Share your dilemmas and get honest opinions from other Mumsnetters.

To not keep my baby awake for my DHs benefit?

422 replies

AnotherGo123 · 16/10/2021 10:34

My DH has a v long commute which he hates. He is entirely lazy at looking for work closer to home. He's a teacher so absolutely could be working 15 mins away if he applied.

My baby is 6 months old. He doesn't nap that well during the day and by 6.30pm he is beside himself tired. My DH gets home at 6.15 (he actually manages to go for a quick swim after work. He leaves work at 4pm)

He says I'm inconsiderate because I "whip the baby away" the minute he gets home. I wfh so see baby a lot more and he says its so tough not seeing baby at all and it makes him depressed to be commuting all this time and only get 5 mins with baby

But baby cries and cries at bedtime at 7pm because he's too tired. He thinks I'm being totally inflexible and says what difference it makes. Anyone with a small baby will know it can make all the difference

I get he wants to see his baby but when I put baby ti bed and he's crying his eyes out I know that actually those tears are avoidable if I just started bedtime earlier and it makes me feel terrible.

AIBU

OP posts:
georgarina · 16/10/2021 11:43

What a fucking joke.

He basically wants your and your new baby's routines to all fall into place around him, with no change to his routine, no matter how it affects you?
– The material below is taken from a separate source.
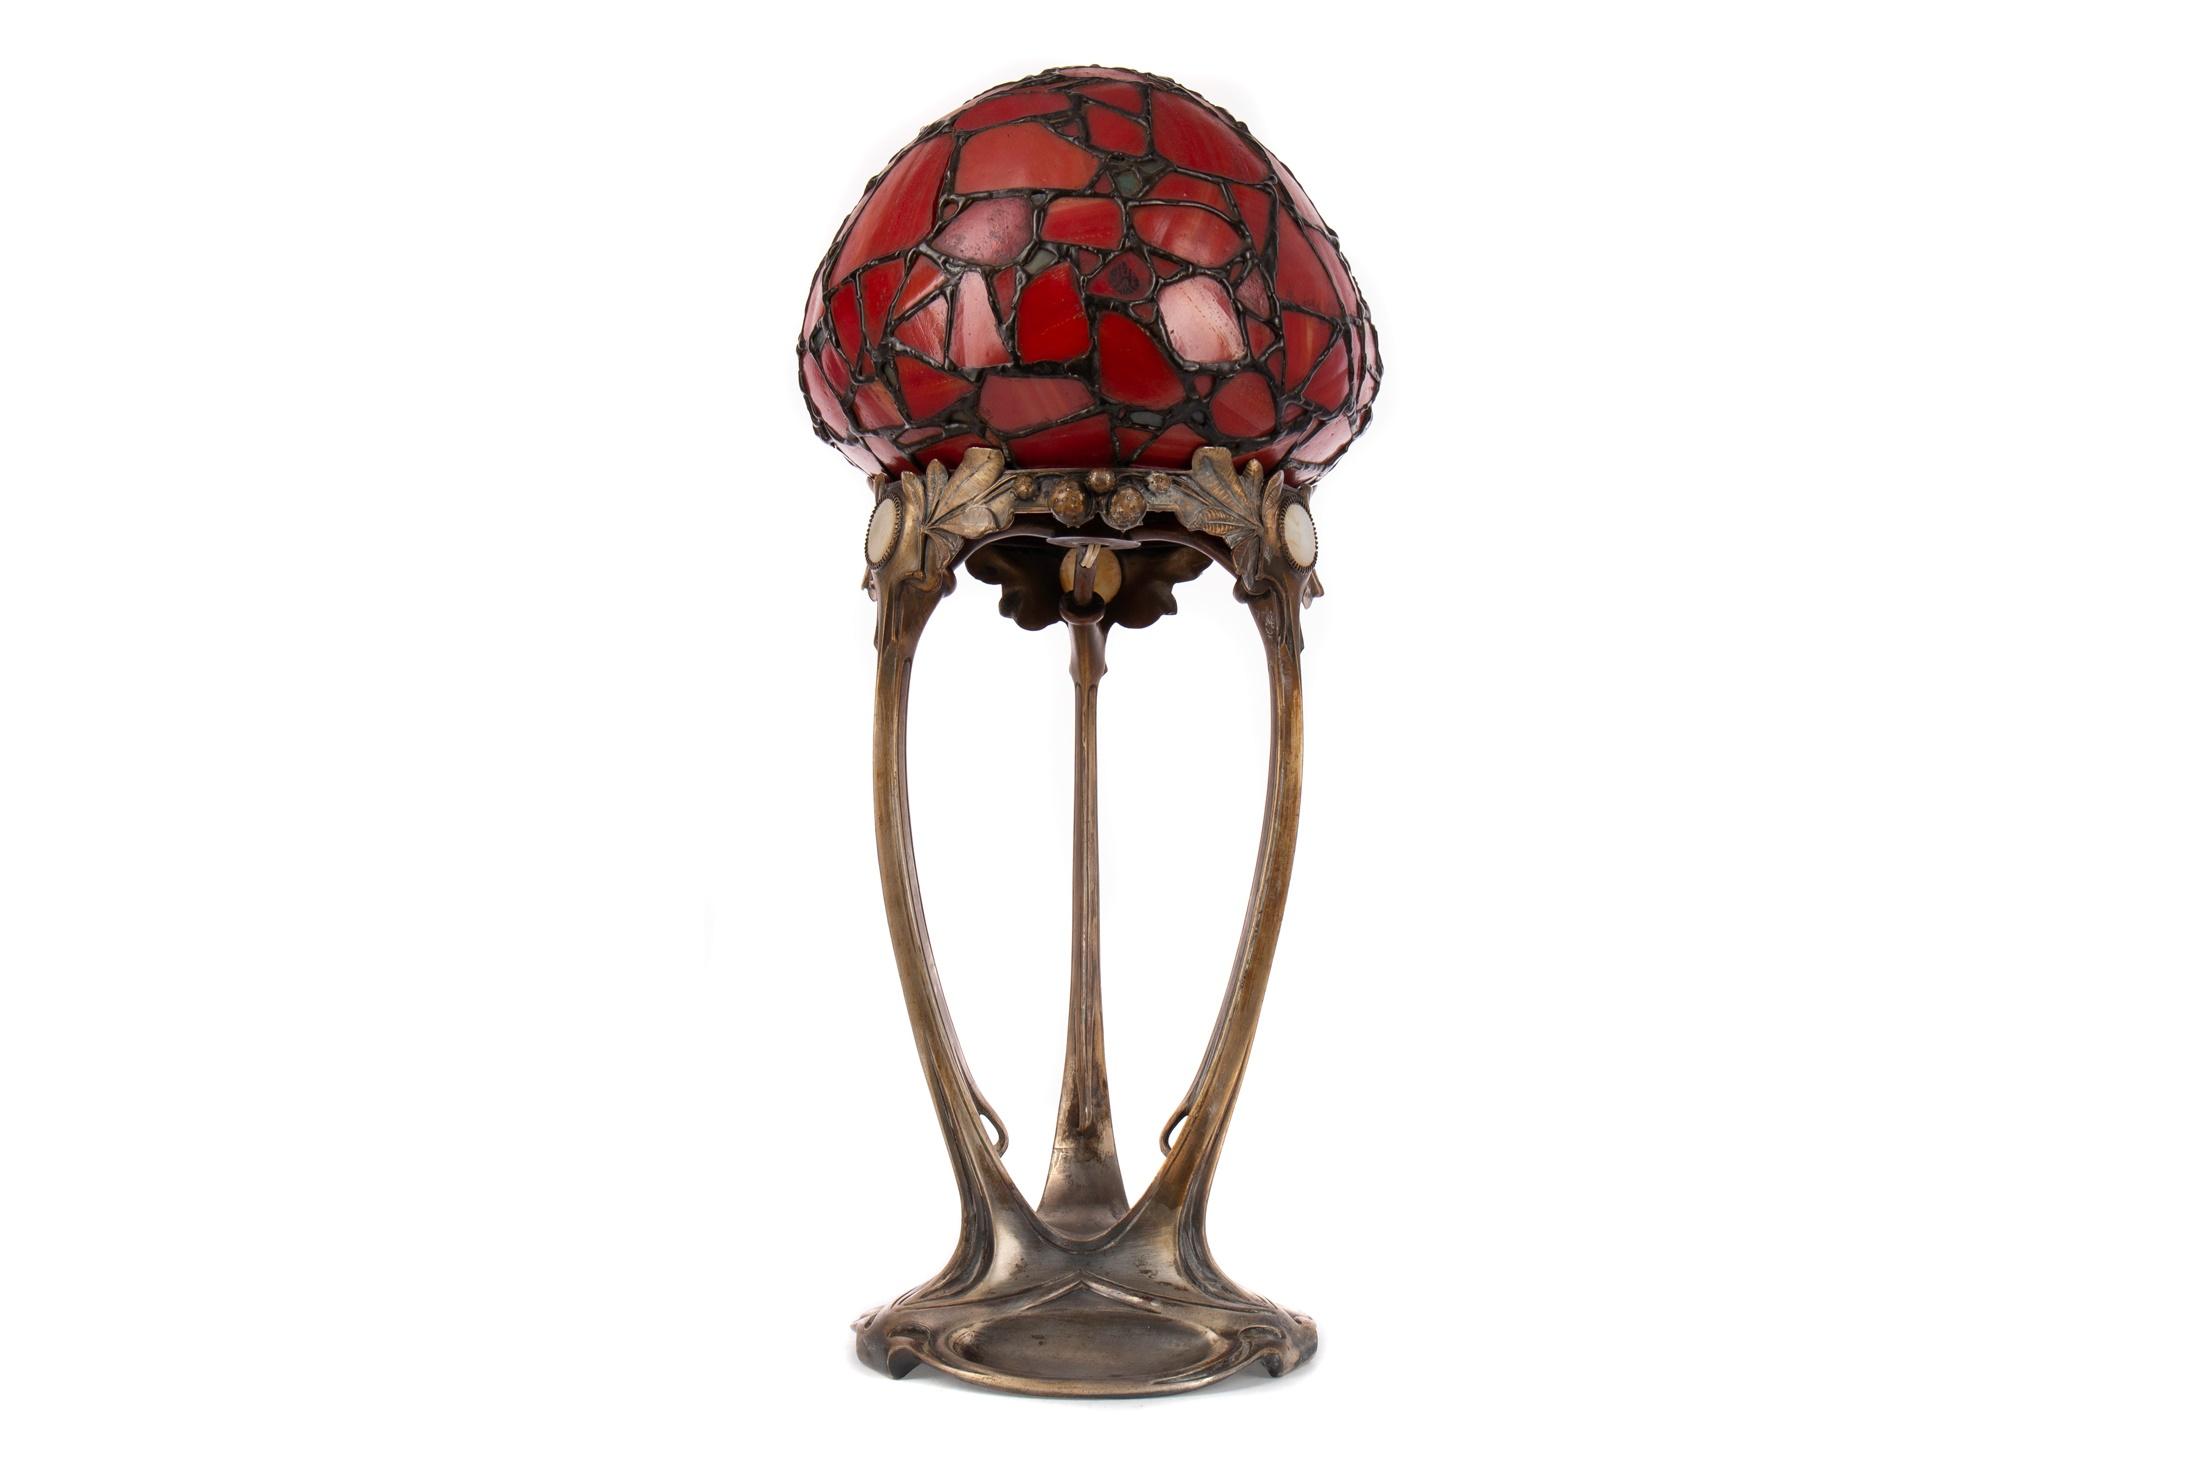 AN ART NOUVEAU TABLE LAMP

And he's crying about it?

I bet his concern about MH and leisure activities doesn't extend to your MH. What would happen if you took up swimming 5 nights a week and left him to do the nights?

He needs a MAJOR wake up call.

I would be livid.

isthismylifenow · 16/10/2021 11:43

I think that it is he who is living the dream.
.
When do you get time for your mh needs?

He seems to be completely inflexible, whereas he thinks you and his child should be.

Is he always so me me me?

Notcontent · 16/10/2021 11:43

Agree with previous poster - “mental health” seems to be increasingly used as a excuse to be very selfish and lazy. I am not dismissing MH issues - my own dd suffers with anxiety and I also suffer with bouts of anxiety and depression. But I still work, put my dd’s needs first, and generally push myself to do stuff when sometimes all I want to do is hide or run away from my current life. Because I have to.
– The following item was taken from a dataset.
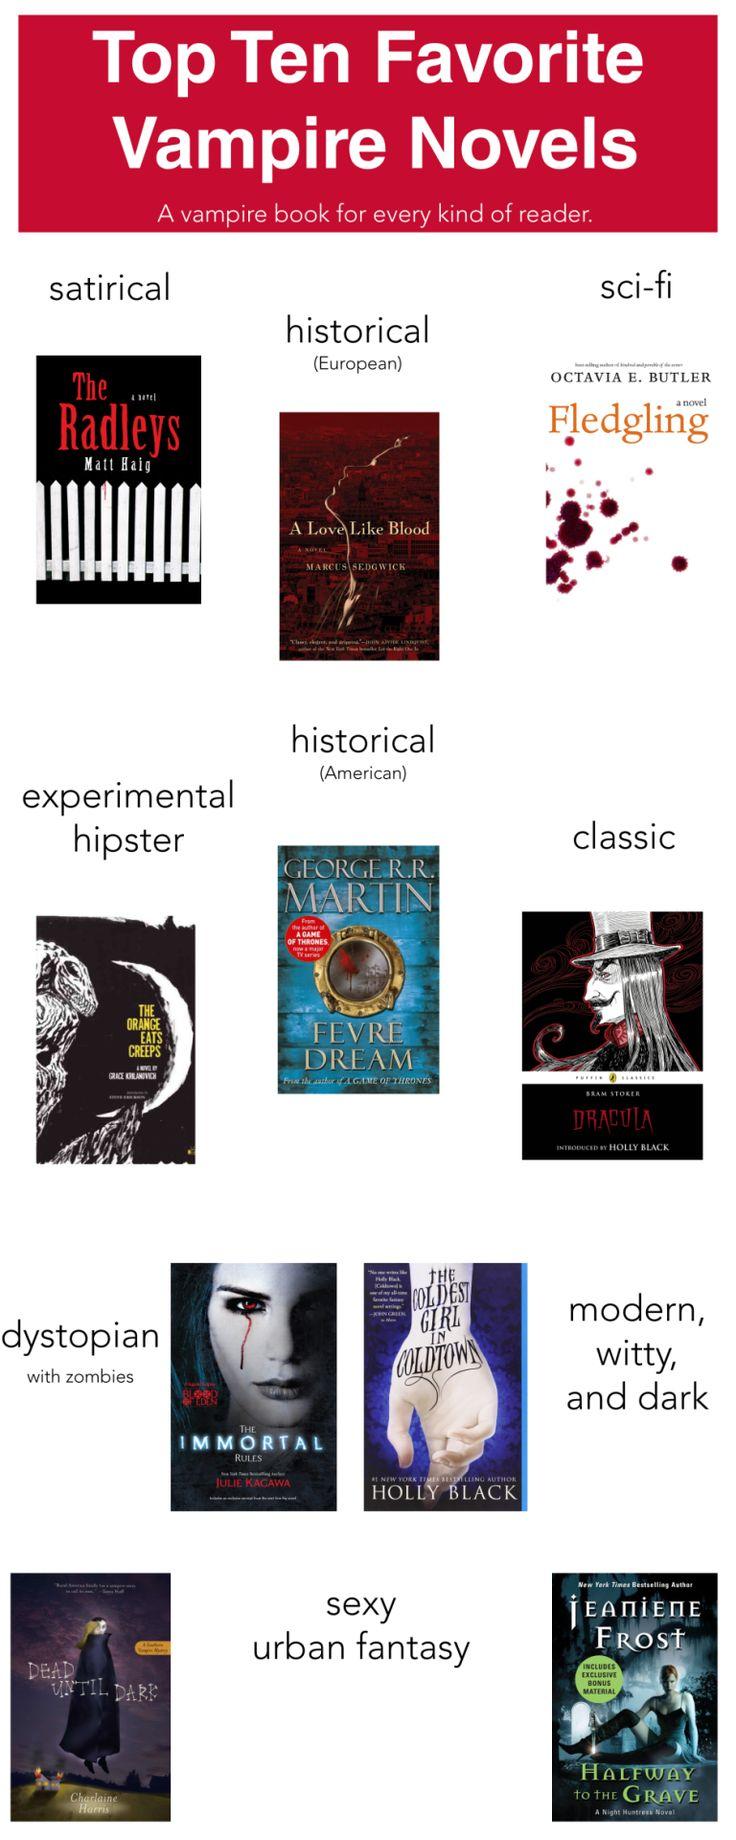 Favorite Vampire Novels

vivainsomnia · 16/10/2021 11:47

He doesn't need to swim every day. That's ridiculous. He can swim twice in the week and do something else at the weekend or so what many do, exercise before work by going early.

He can then put baby to sleep, overtired or not.

BathMatToe · 16/10/2021 11:48

@AnotherGo123

Thanks so much for all your comments. Few points of clarification
  1. He doesn't drive and we live in the countryside so he can't get to our local pool I'm the evening unless I drive him which obviously I can't as baby is asleep. His not driving is another bone of contention
  1. He swims most days for half an hour. I actually encouraged this as he says his mental health needs physical activity. So when I say he is choosing to do leisure he gets v annoyed as he says he needs it
  1. He says 6.30 is v early for bedtime and plenty of babies go to bed at 7. I know this is true but my DS struggles to nap in afternoon (our toddler is home from nursery at 3.30 and then any chance of settling baby or taking him for walk is v hard). So yes 7pm would be better buy on his current schedule he can't really make it to that time without becoming overtied

DH says I'm obsessed with sleep times and am far too rigid. My MIL is always saying to him that I'm very "structured". But Im really not. I just know my baby and I know when he's tired and I want him to go to sleep at the right time so he doesn't get upset. I mean it's pretty basic stuff

Oh DH also says he isn't looking for another job because of MH. Again.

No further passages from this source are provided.